> [TASK STATEMENT]: Output the complete listing exactly, please, and keep the pictures out of it.

> [DATA SEGMENT]:
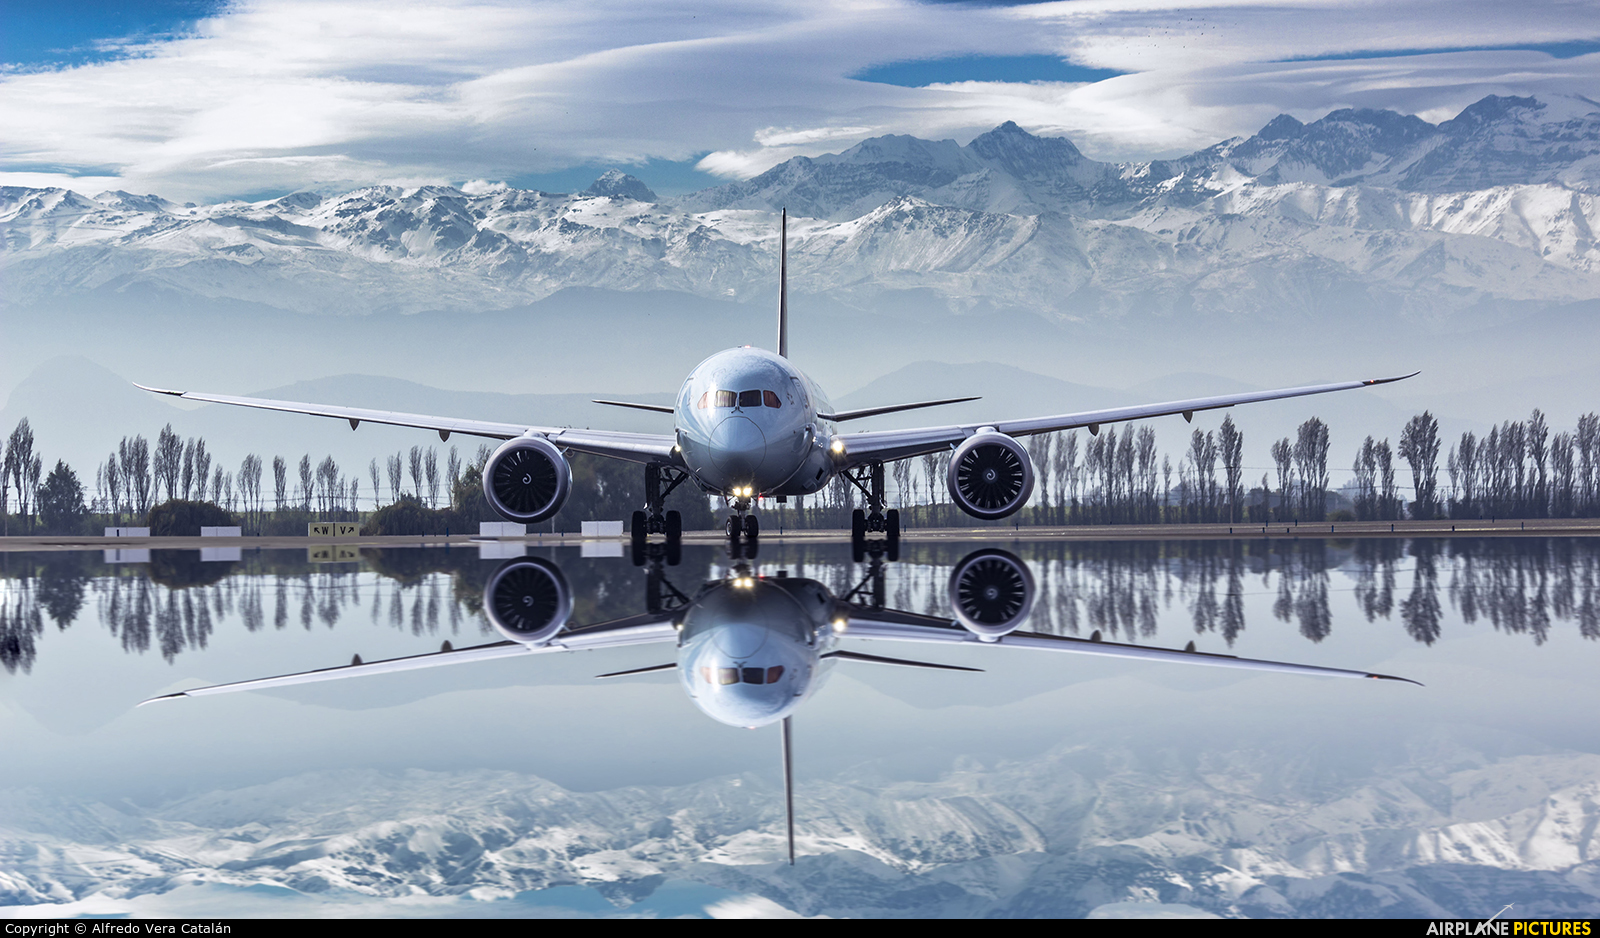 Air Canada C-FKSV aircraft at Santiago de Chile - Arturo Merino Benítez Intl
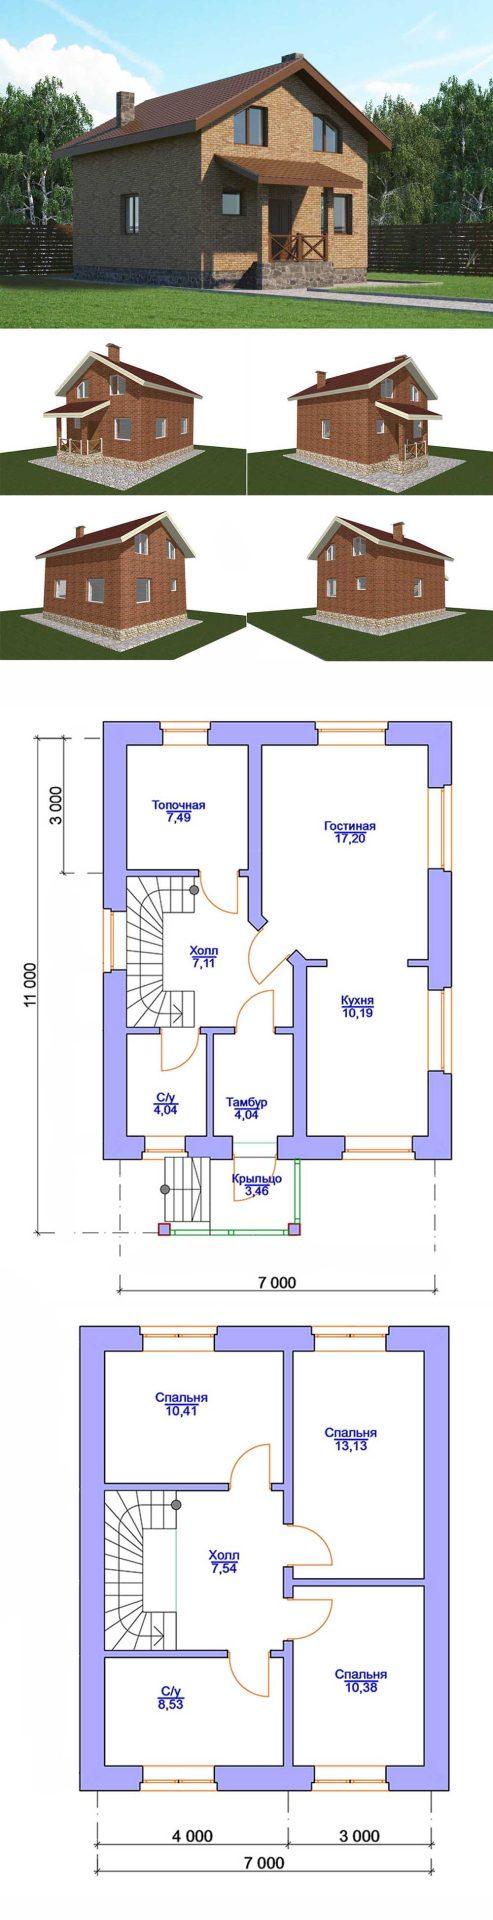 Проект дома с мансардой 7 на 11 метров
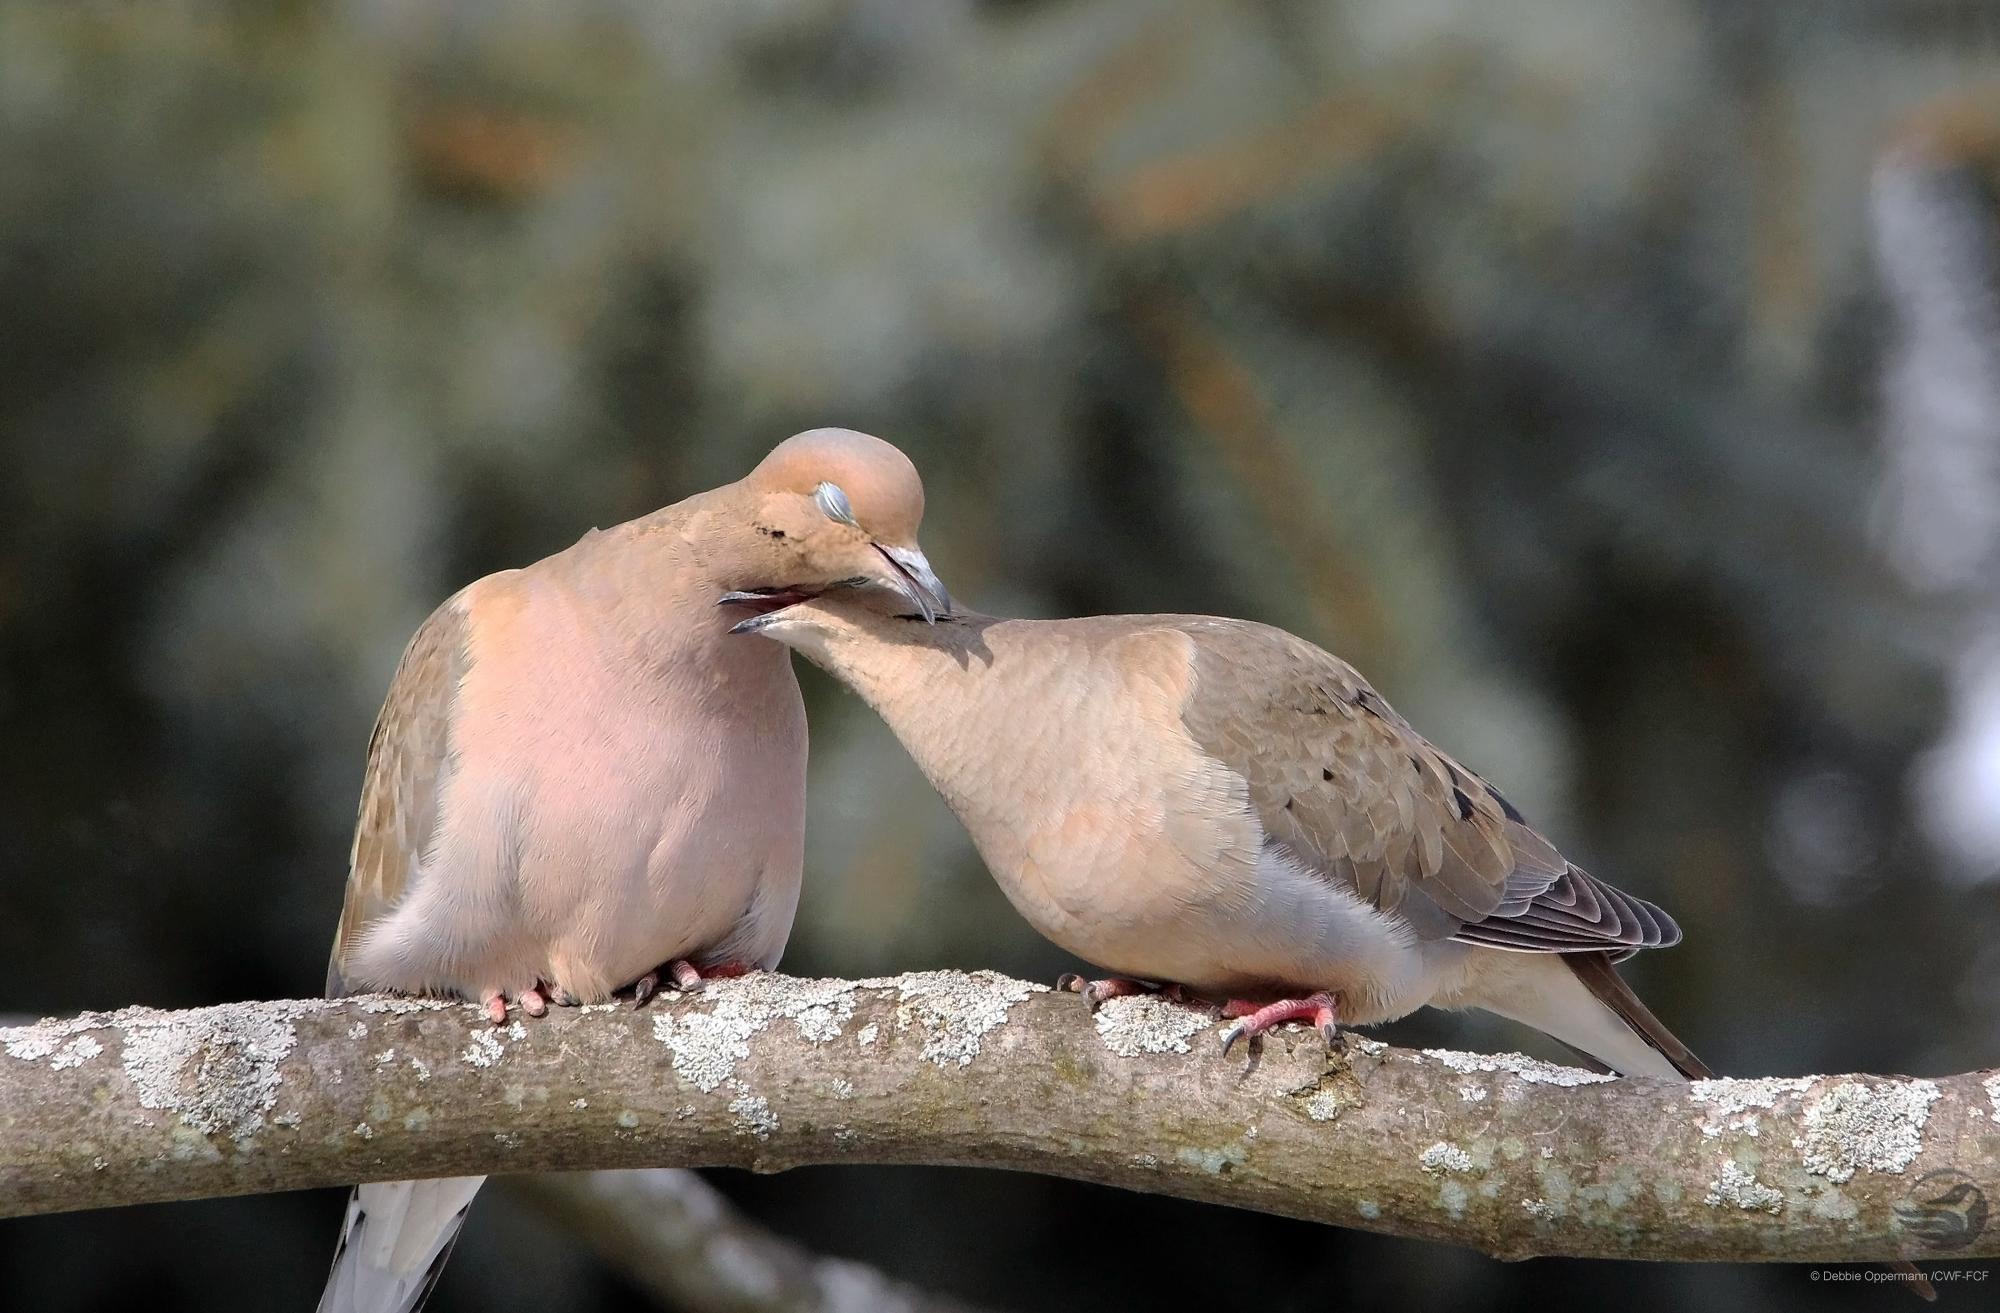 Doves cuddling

> [TASK SOLUTION]:
 Air Canada C-FKSV aircraft at Santiago de Chile - Arturo Merino Benítez Intl
 Проект дома с мансардой 7 на 11 метров
 Doves cuddling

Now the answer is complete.